Sources of error in epidemiological studies
In an epidemiological study we usually want to measure the proportion of people with a particular characteristic or identify the association between an exposure and an outcome. To do this we have to recruit individuals into the study, measure their exposure and/or outcome status and then, if appropriate, calculate a measure of association between the exposure and outcome. We also want the results we obtain to be as close to the truth as possible. (Note that, although we will discuss error in the context of exposure and disease, when we talk about an exposure we mean anything from a gene to a particular behaviour, and the outcome need not be a disease but could be any health-related state.)
As you will discover, there are dozens of different names that have been given to the kinds of error that can occur in epidemiological studies. Fortunately, in practice, all types of error can be classified into one of two main areas: they relate either to the selection of participants for study or comparison, or to the measurement of exposure and/or outcome. These errors can in turn be either random or systematic. Random error or poor precision is the divergence, by chance alone, of a measurement from the true value. Systematic error occurs when measurements differ from the truth in a non-random way.

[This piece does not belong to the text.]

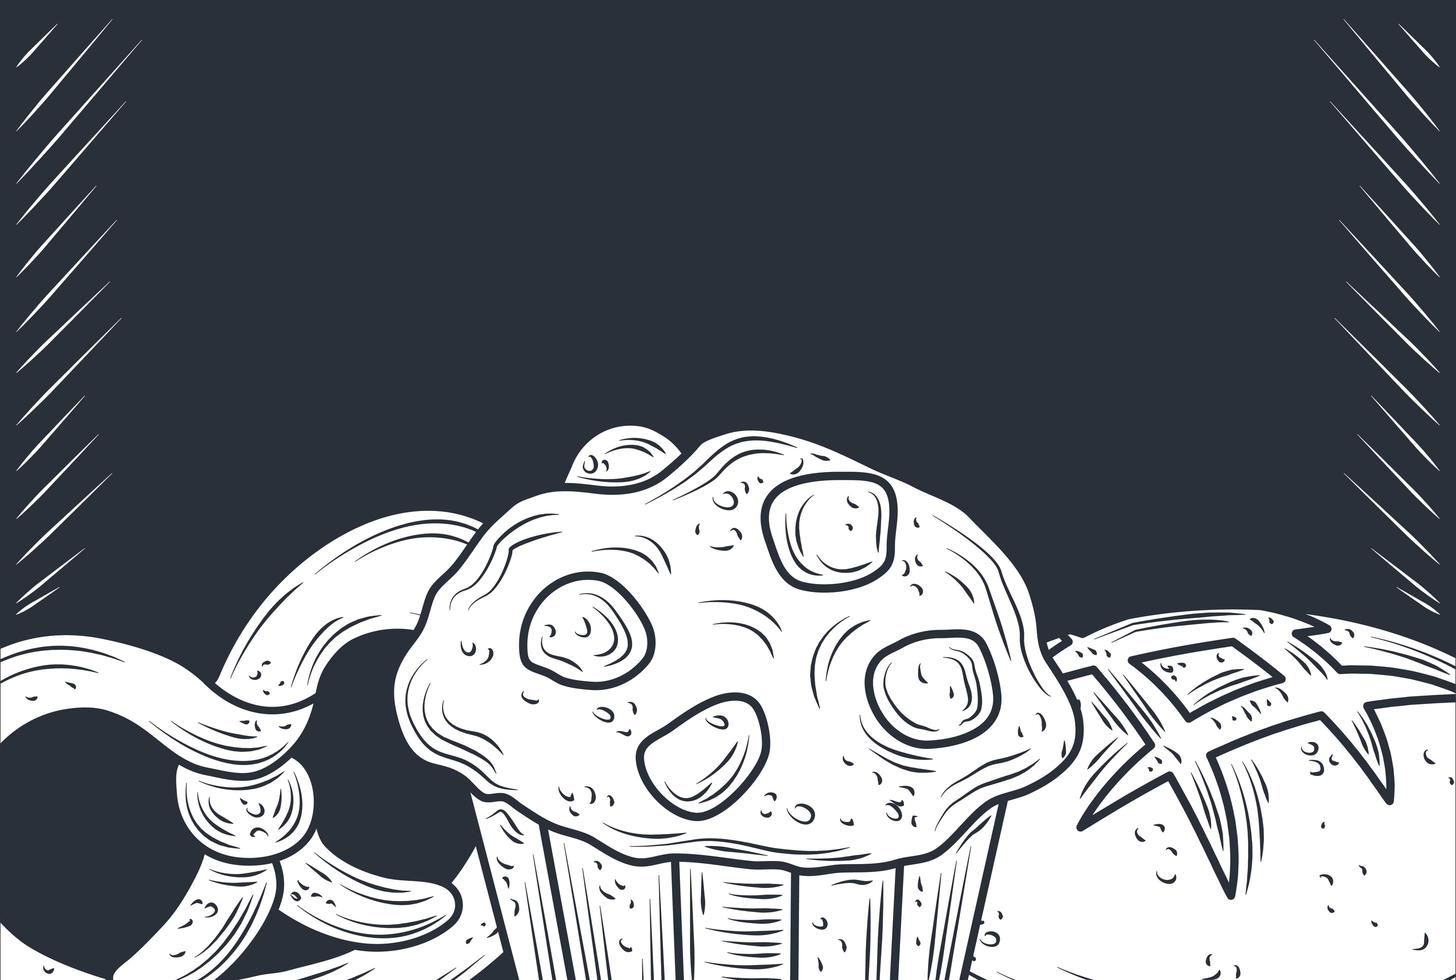 gebakken voedsel vintage banner achtergrond vector
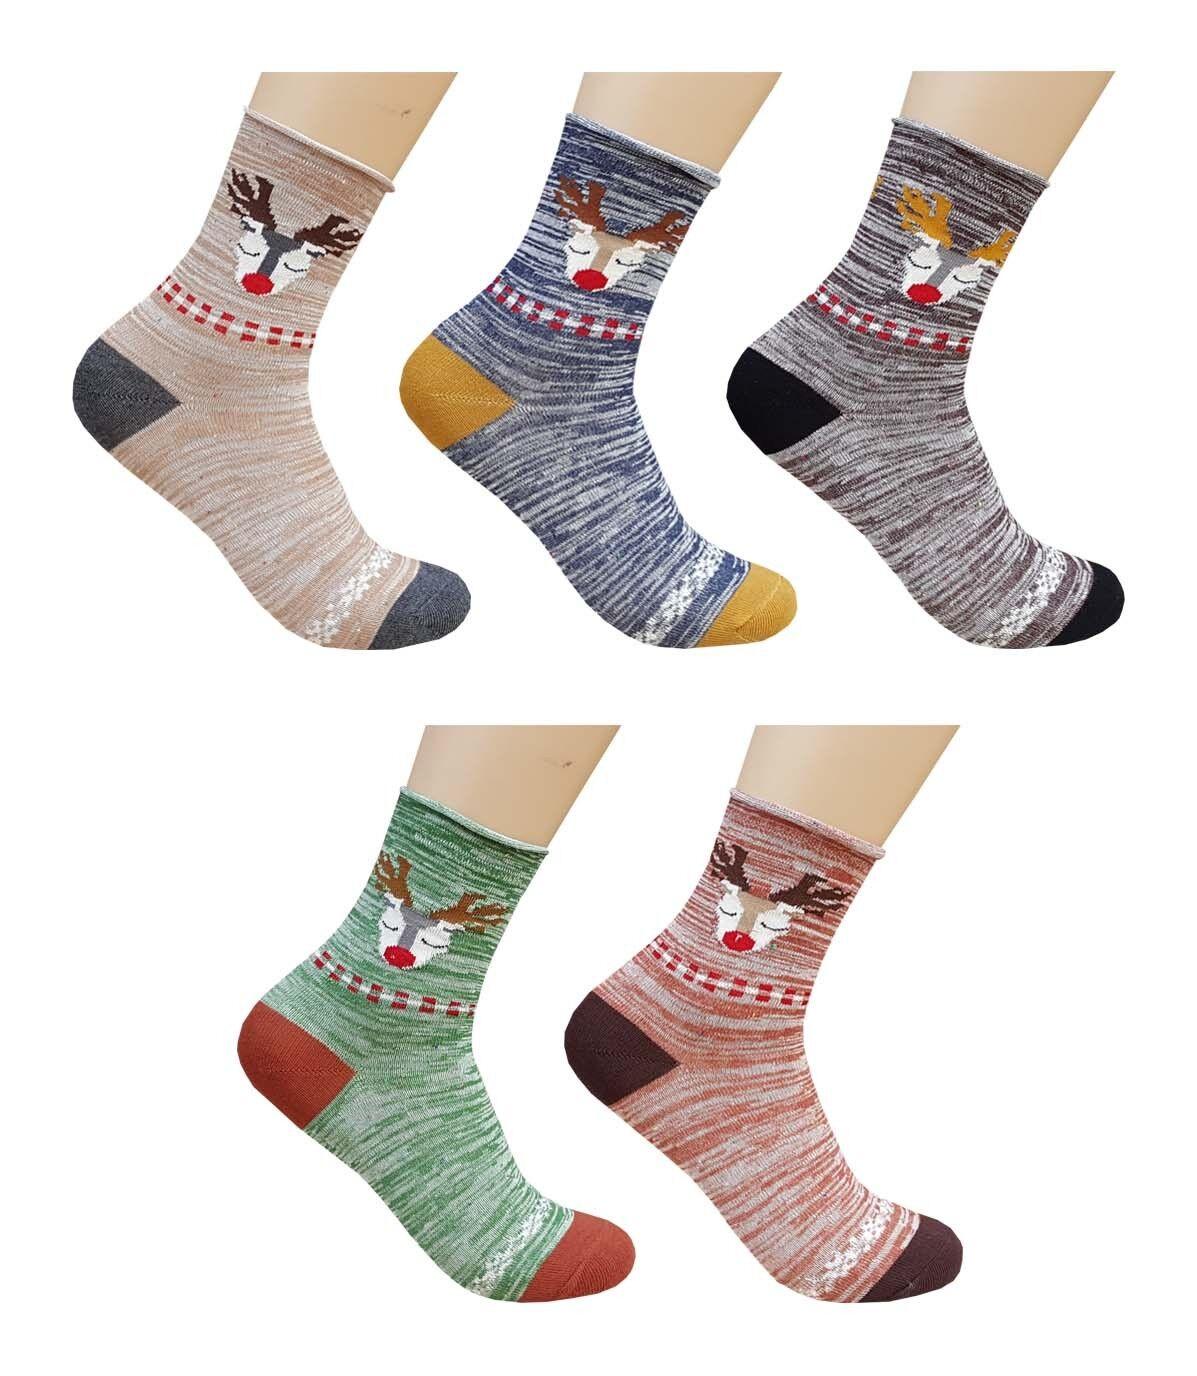 BLUE REEF Socken Damen Süß Rentier Spaß Neuheit Knöchel Socken 3-6

We will now discuss the main types of both selection and measurement error in more detail and will also consider the effects that they may have on the results of a study. Remember that in practice it is impossible to eliminate all error and the most important thing is therefore to consider the likely practical effects of any remaining error.
Selection bias
Depending on how we select subjects for our study, and how many we select, we can introduce both random and systematic sampling errors into our study. As you saw in the previous chapter, even if the people selected for a study are generally representative of the population that we wish to learn about (the target population), we may still get the wrong result just because of random sampling error, i.e. by chance, and this is especially likely when we take only a small sample. In contrast, the example in Box 7.1 shows how the results of even a large study can be biased if the sample of people selected for the study systematically differ from the population that we wish to learn about in some way.
Selection bias occurs when there is a systematic difference between the people who are included in a study and those who are not, or when study and comparison groups are selected inappropriately or using different criteria. Unlike random sampling error, we cannot reduce selection bias by simply increasing the size of the study sample – the problem persists no matter how large the sample.
The issue of selection bias is a major problem in simple descriptive studies such as prevalence surveys. If the sample of people included in the survey is not representative of the wider population the results of the survey can be very wrong, as the Literary Digest found in their biased opinion poll which under-represented the views of poorer Americans. In analytic studies, selection bias can add to the differences between groups being compared, thereby moving them further from the ideal of complete exchangeability that we discussed in Chapter 4. This will potentially lead to biased measures of association (OR, RR, AR or PAR). It is a particular concern in case–control studies because the participants are recruited as two separate groups and it can be difficult to ensure that the final control group makes an appropriate comparison group for the cases.
A similar problem can arise in cohort studies when the exposed and unexposed groups are recruited separately, for example when the exposed group comprises workers in a particular occupation or military group and a separate unexposed group has to be identified for comparison. However, in many cohort studies, such as the Framingham and Nurses’ Health studies that we discussed in Chapter 4, we recruit a single group of participants and then classify them according to their exposure. In this situation the question of how individuals were recruited is usually less important in terms of the validity of the study results (what is often called internal validity). However, it can influence the generalisability or external validity of the findings because they may apply only to the sorts of people who took part. In some situations, however, selection bias (at the point of recruitment) can also bias the effect estimates from a cohort study. As an example, consider a cohort study examining the effect of children’s socioeconomic status (SES) on their risk of injury. If the families of lowest SES are more likely to refuse to participate, then this group may be under-represented in the total cohort. In this situation, measurement of the risk of injury within the low SES group and comparisons with those of higher SES should still be accurate; the low SES group will just be smaller than it might have been had more low SES families participated. If, however, those families of lower SES who refuse to take part are also those whose children are at highest risk of injury, i.e. if participation is associated with both the exposure (SES) and the outcome (injury), then the study will underestimate the true amount of injury in this group. It will then also underestimate the effect of low SES on injury risk because the really high-risk children in that group were not included.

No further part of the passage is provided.